» What to produce:
Skip every image and restate the data word for word.

» Data block:
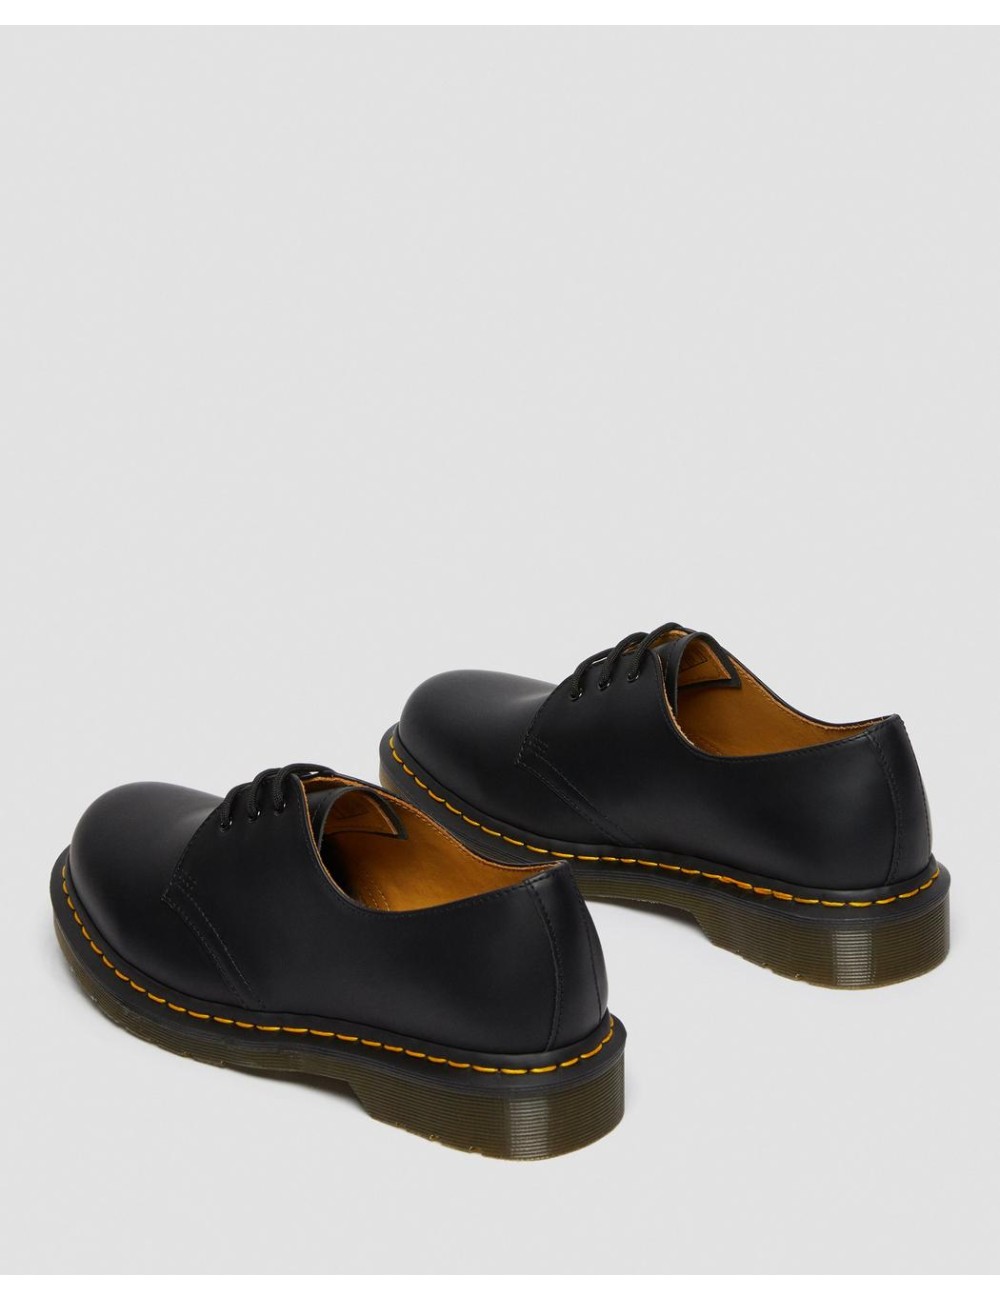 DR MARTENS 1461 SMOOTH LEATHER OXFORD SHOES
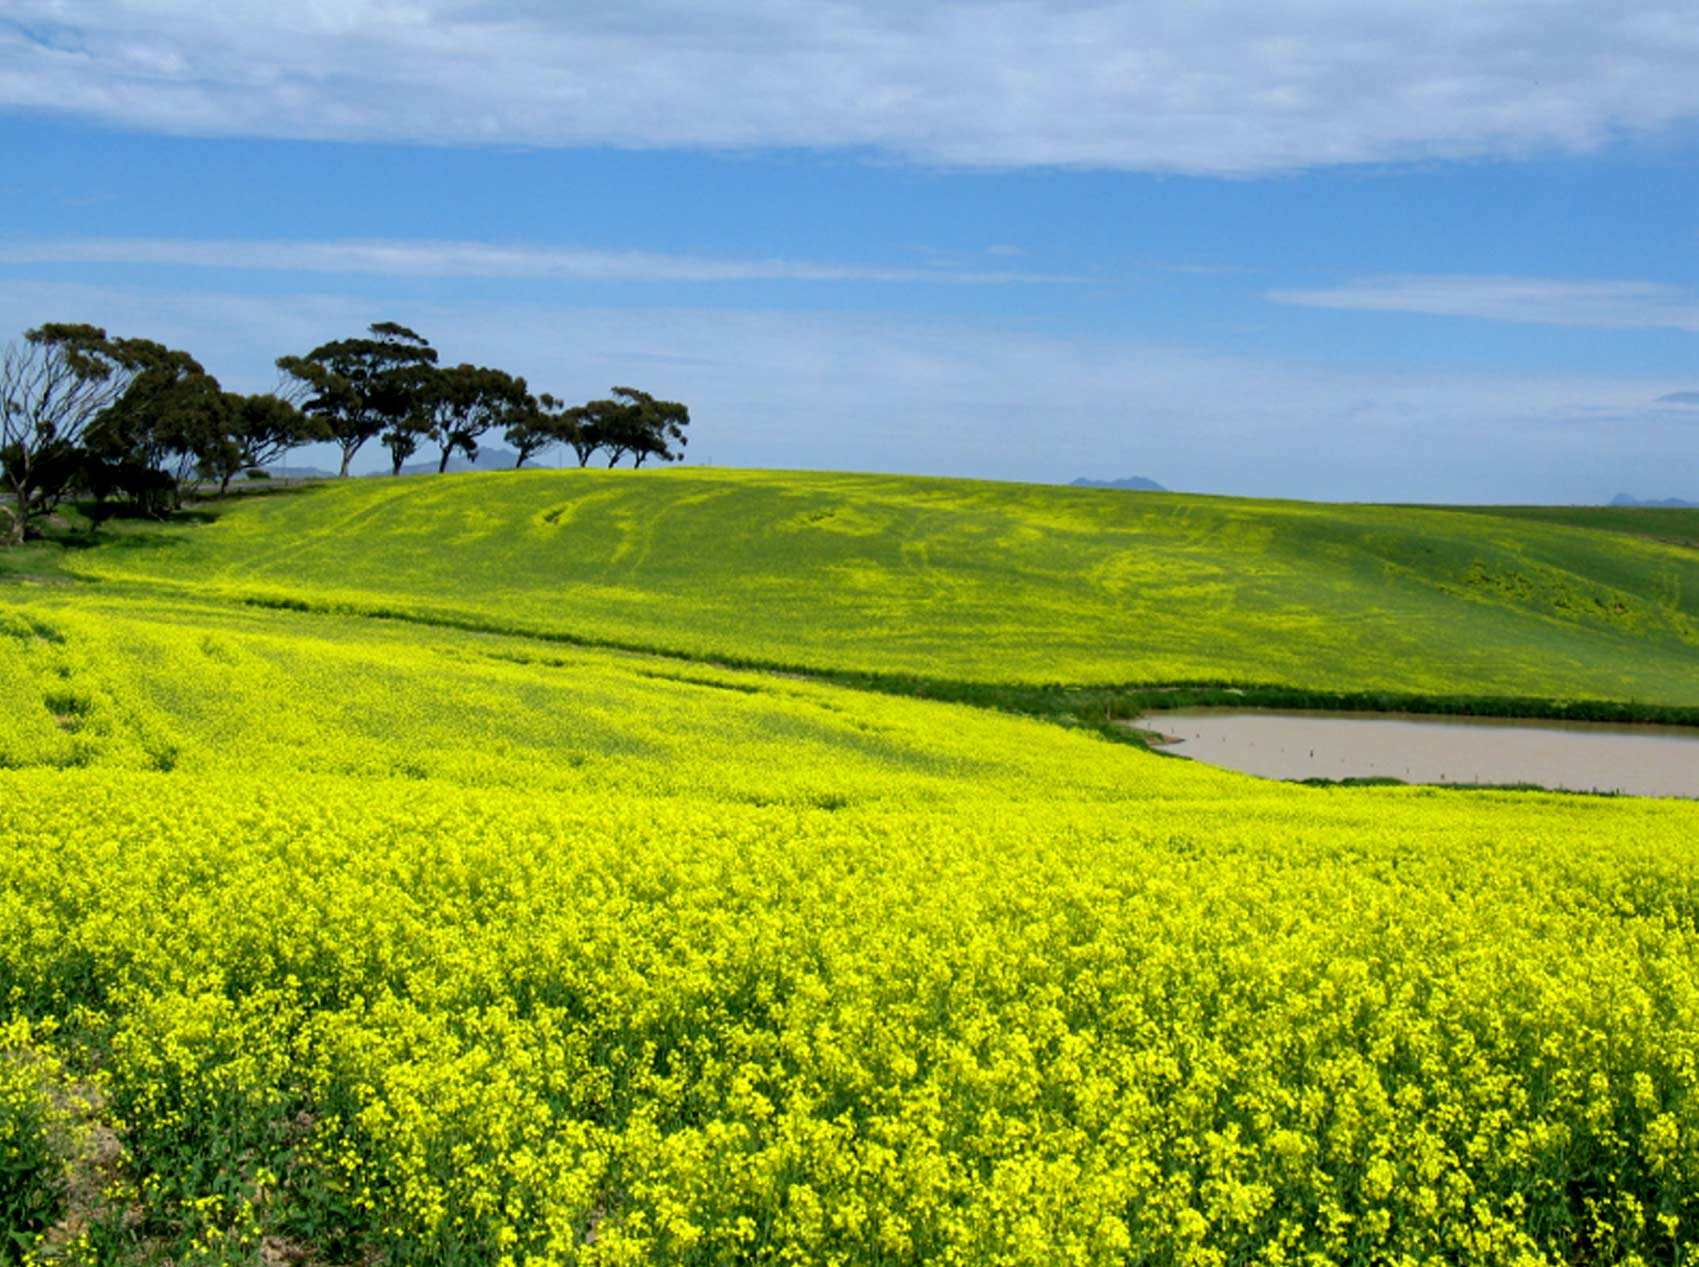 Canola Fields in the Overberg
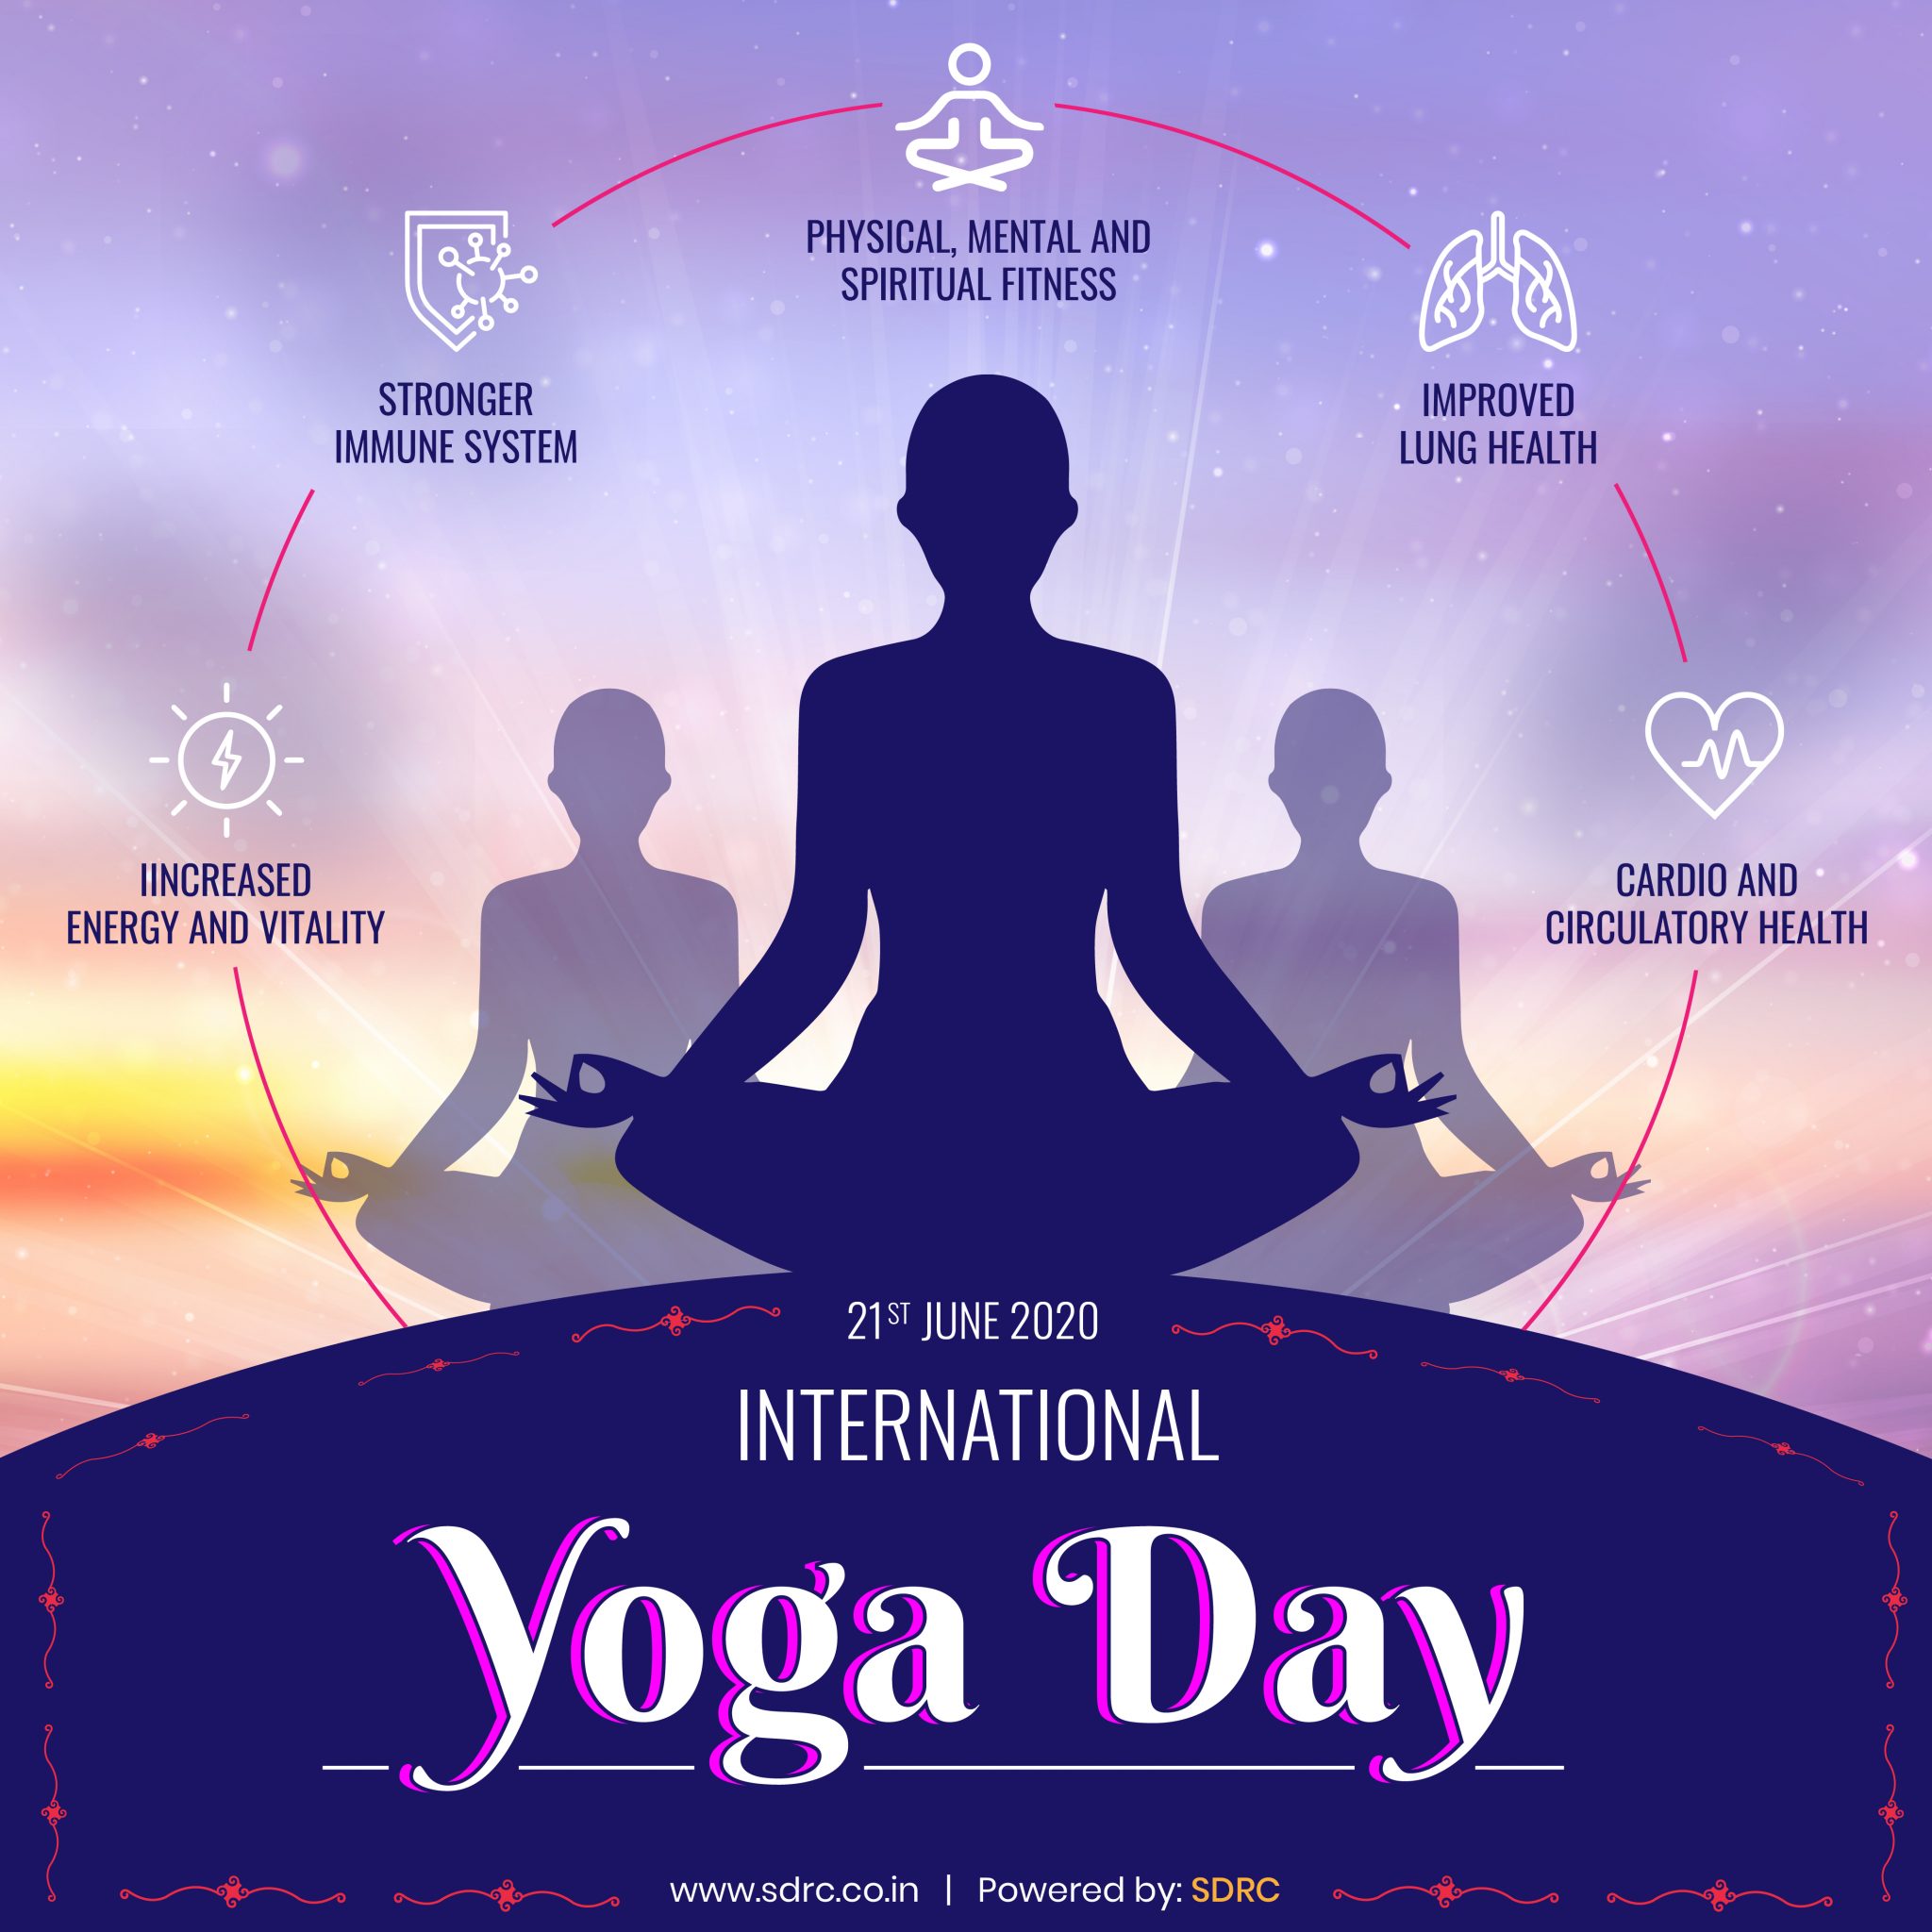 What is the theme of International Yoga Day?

» Finished task:
 DR MARTENS 1461 SMOOTH LEATHER OXFORD SHOES
 Canola Fields in the Overberg
 What is the theme of International Yoga Day?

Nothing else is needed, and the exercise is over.